§ What is needed: Please print nothing but the lines from the one containing "A doughnut and" to the final line below, exactly, and no pictures.

§ Information supplied:
-- -- --

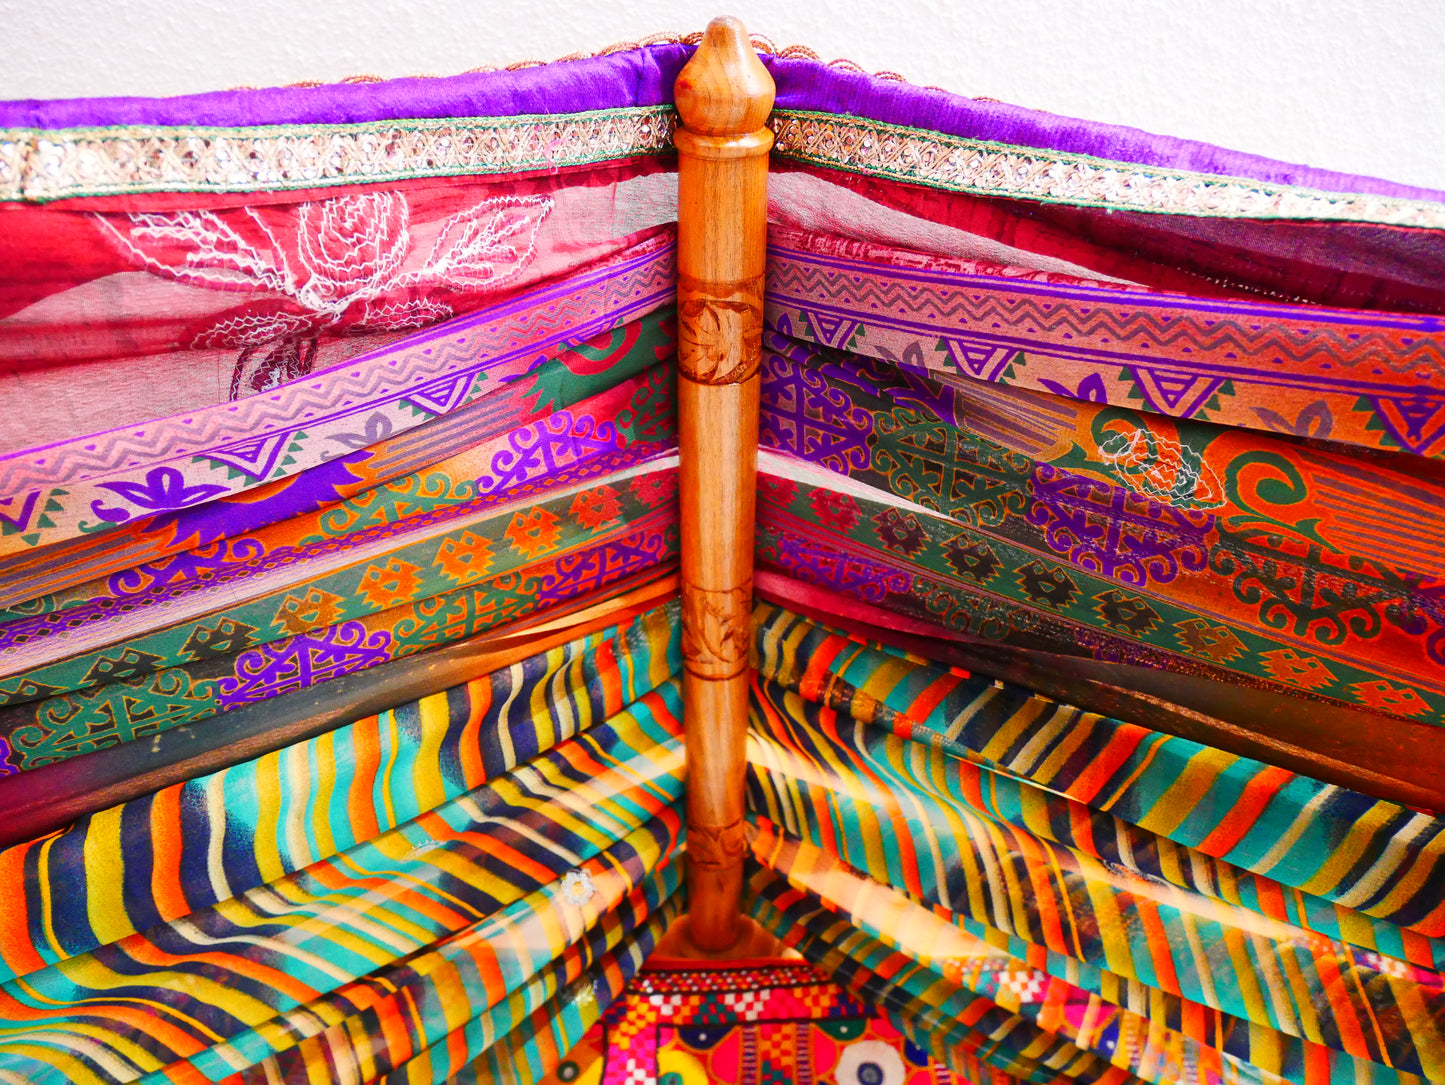 Colorful bed canopy - custom made saree canopy frame with handcrafted walnut wood rods | bed curtains - meditation space
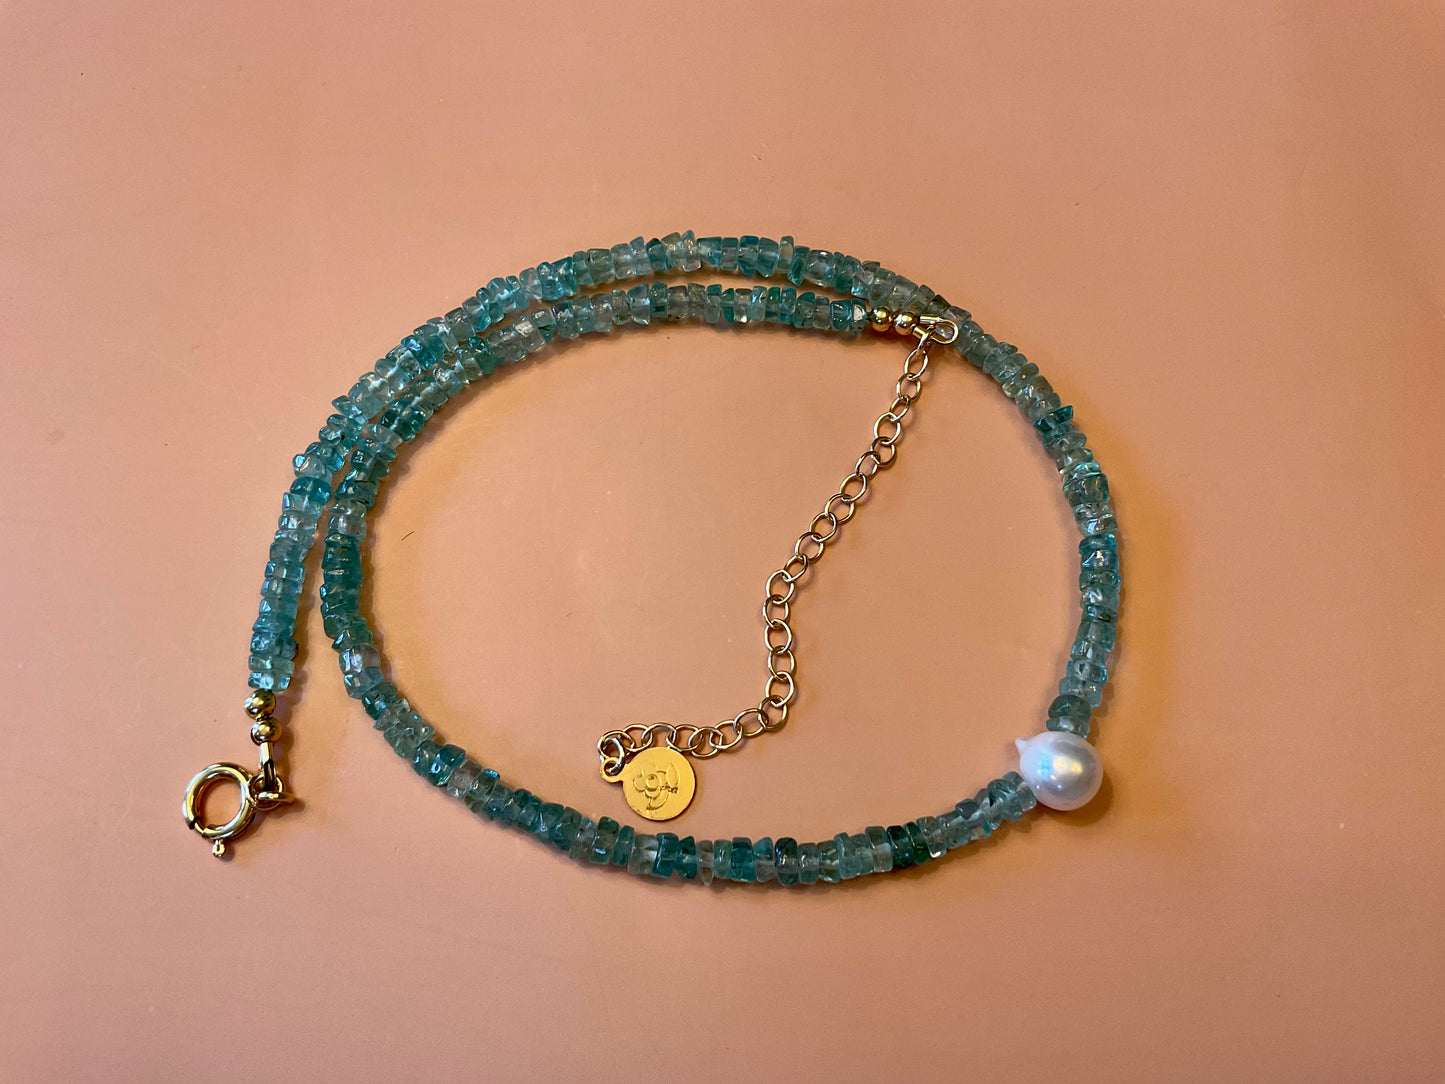 Blue Apatite Necklace with Pearl
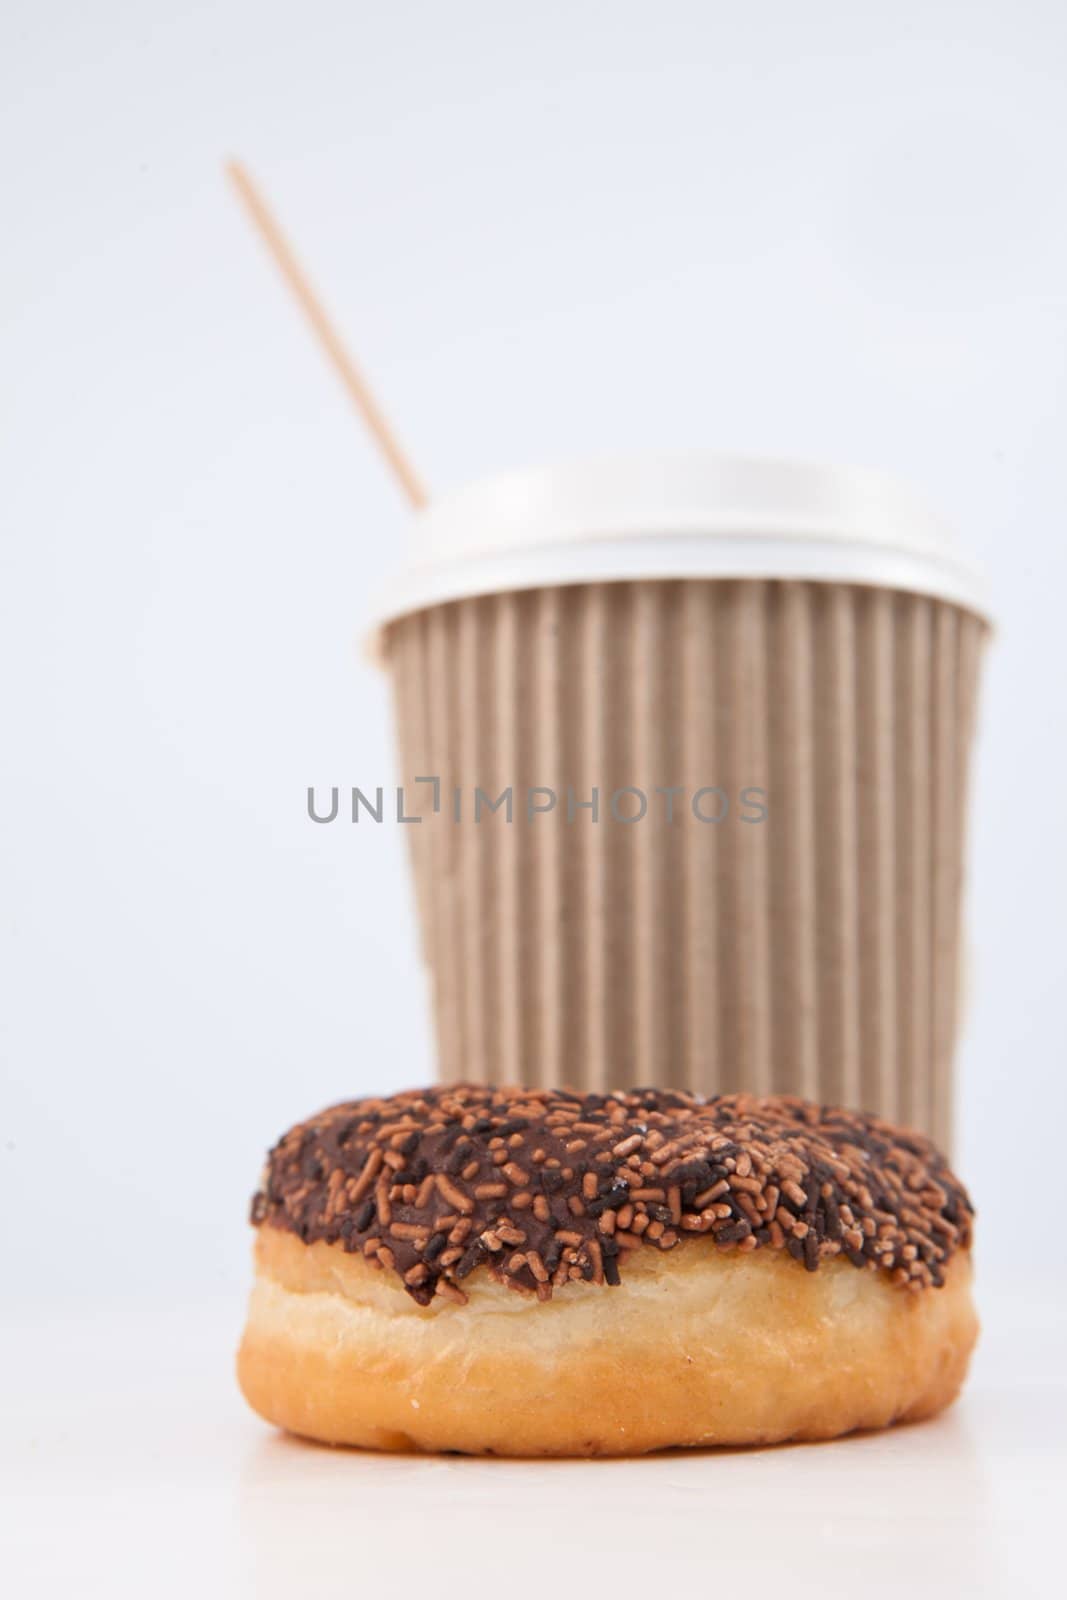 A doughnut and a cup of coffee placed together against a white background
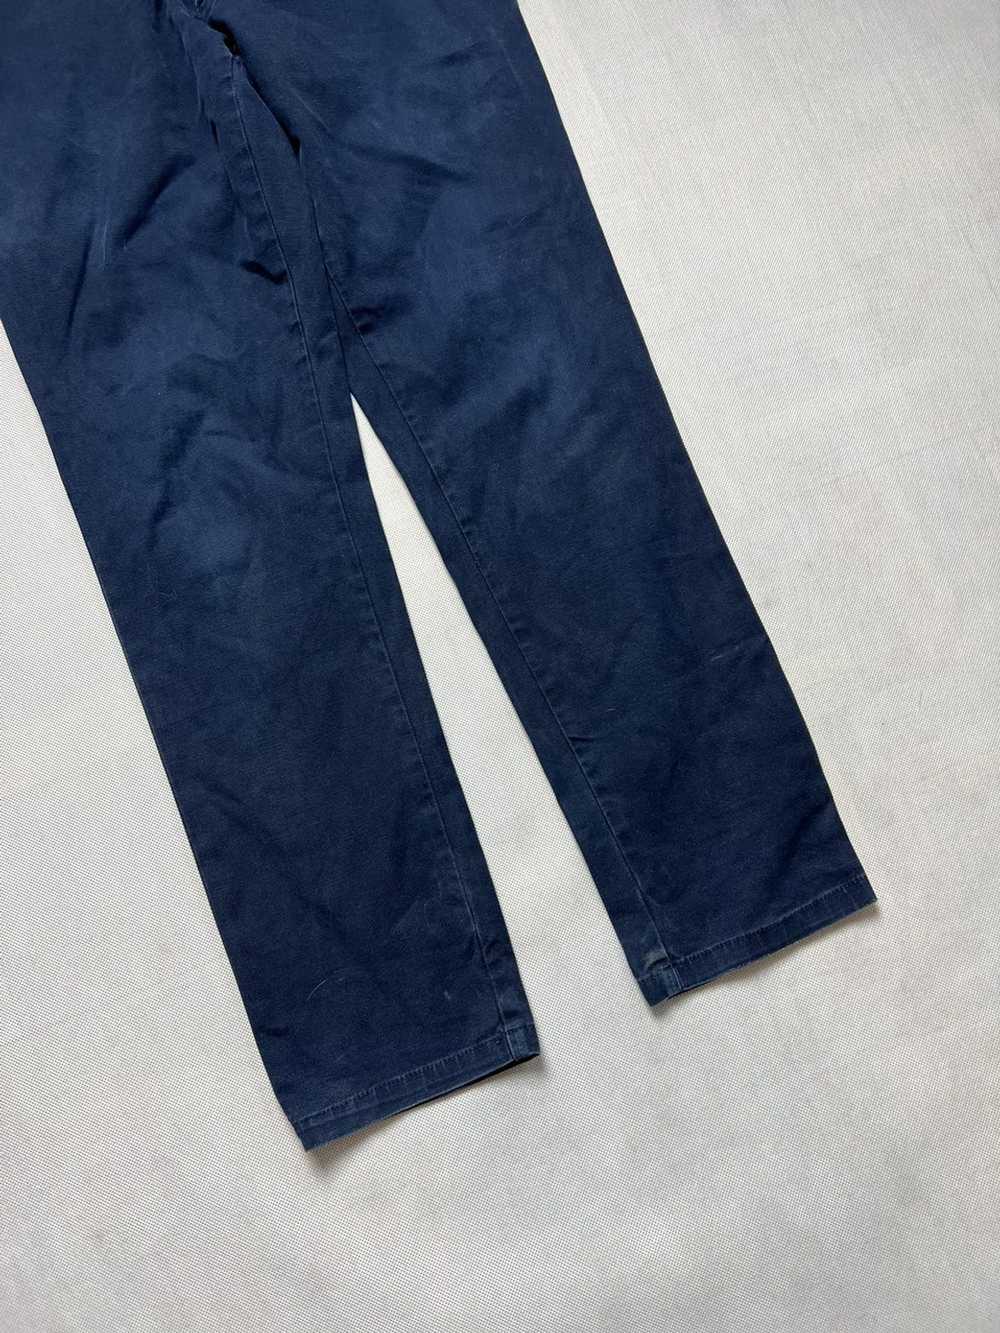 Carhartt Trousers pants Carhartt Washed - image 2

-- -- --

§ Result of this task:
 A doughnut and a cup of coffee placed together against a white background
 Carhartt Trousers pants Carhartt Washed - image 2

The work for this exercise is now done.